Schématiquement, jusqu’à présent, les sauts dans le développement du TGV ont correspondu à une nouvelle ligne que desservait un nouveau matériel. Ce fut encore, le cas, en juillet 2017, où la mise en service de la ligne SEA a grosso modo coïncidé avec l’arrivée des rames Océane. Aujourd’hui, le réseau est à peu près complet, le parc pour le desservir existe, le grand renouveau que va représenter le TGV2020 est pour le moyen terme, pas pour le futur immédiat. Autant dire que le grand pari de la croissance va reposer sur le service à bord. 8 000 personnes ont été formées à leur nouveau métier, les contrôleurs sont invités à se voir en chef de bord. Tout le monde n’est pas convaincu. Pour Jean Lenoir, vice-président, de la Fnaut « le service à bord, c’est du baratin, on ne voit plus les contrôleurs ».

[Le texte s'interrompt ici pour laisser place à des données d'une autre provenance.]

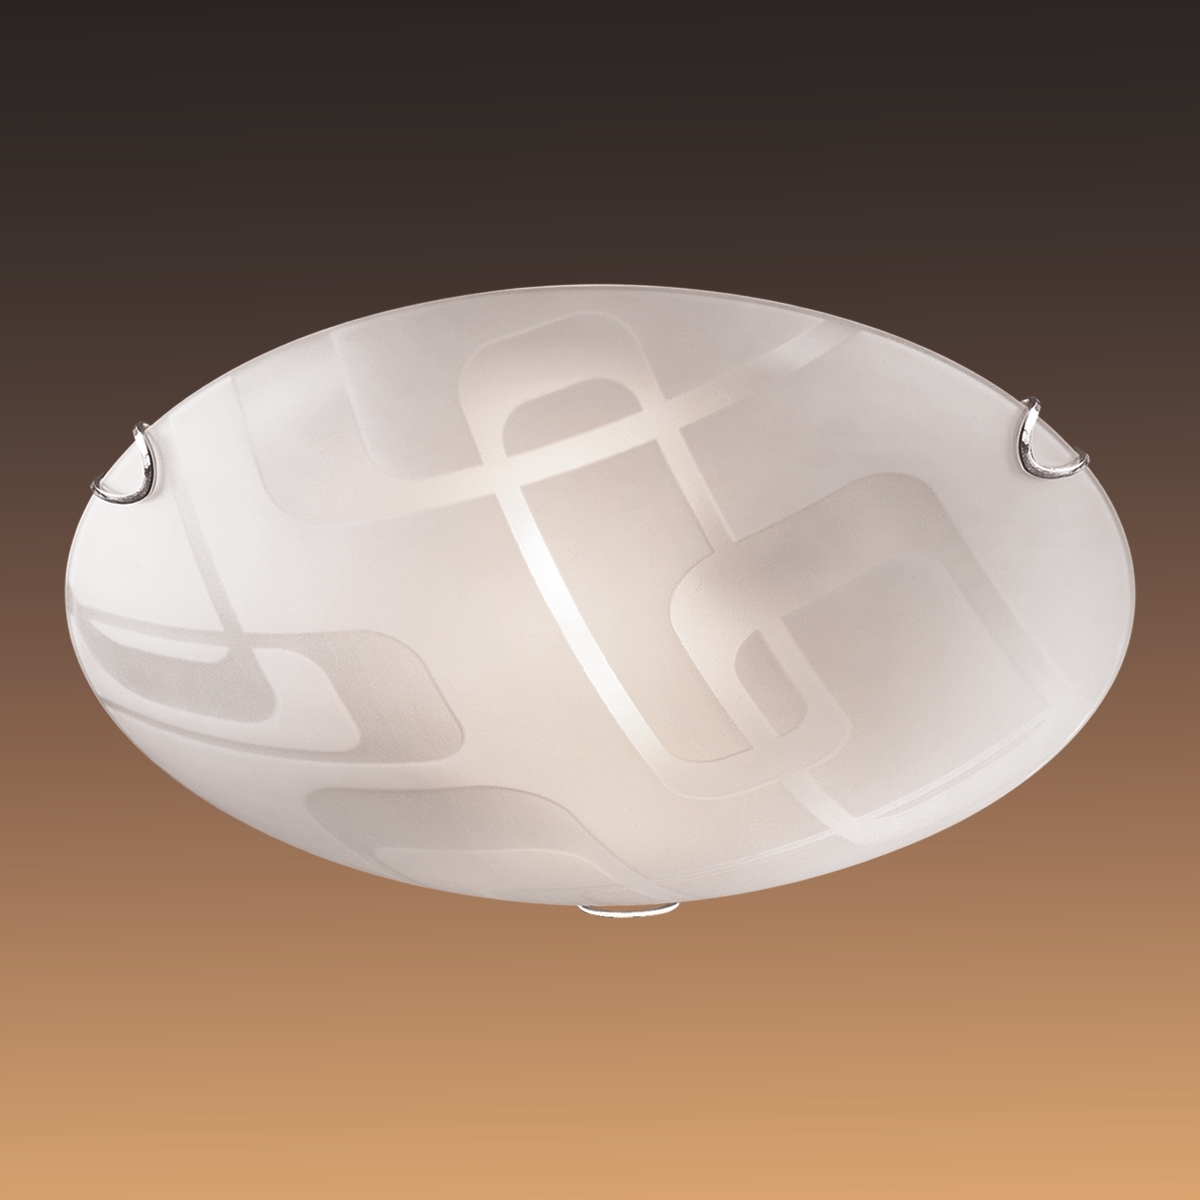 Потолочный светильник Sonex Halo 257, 2xE27x100W, хром, белый, металл, стекло - фото 4

Les changements ne sont pas non plus du goût de tous les cheminots. La petite cérémonie de lancement urbi et orbi d’inOui a été troublée par quelques syndicalistes de SUD et de la CGT, venus faire part de leurs inquiétudes ou opposition au développement de la vente en ligne, à l’installation des portes d’embarquement sur les quais, aux suppressions de postes et à des suppressions de fréquences qui seraient annoncées en décembre.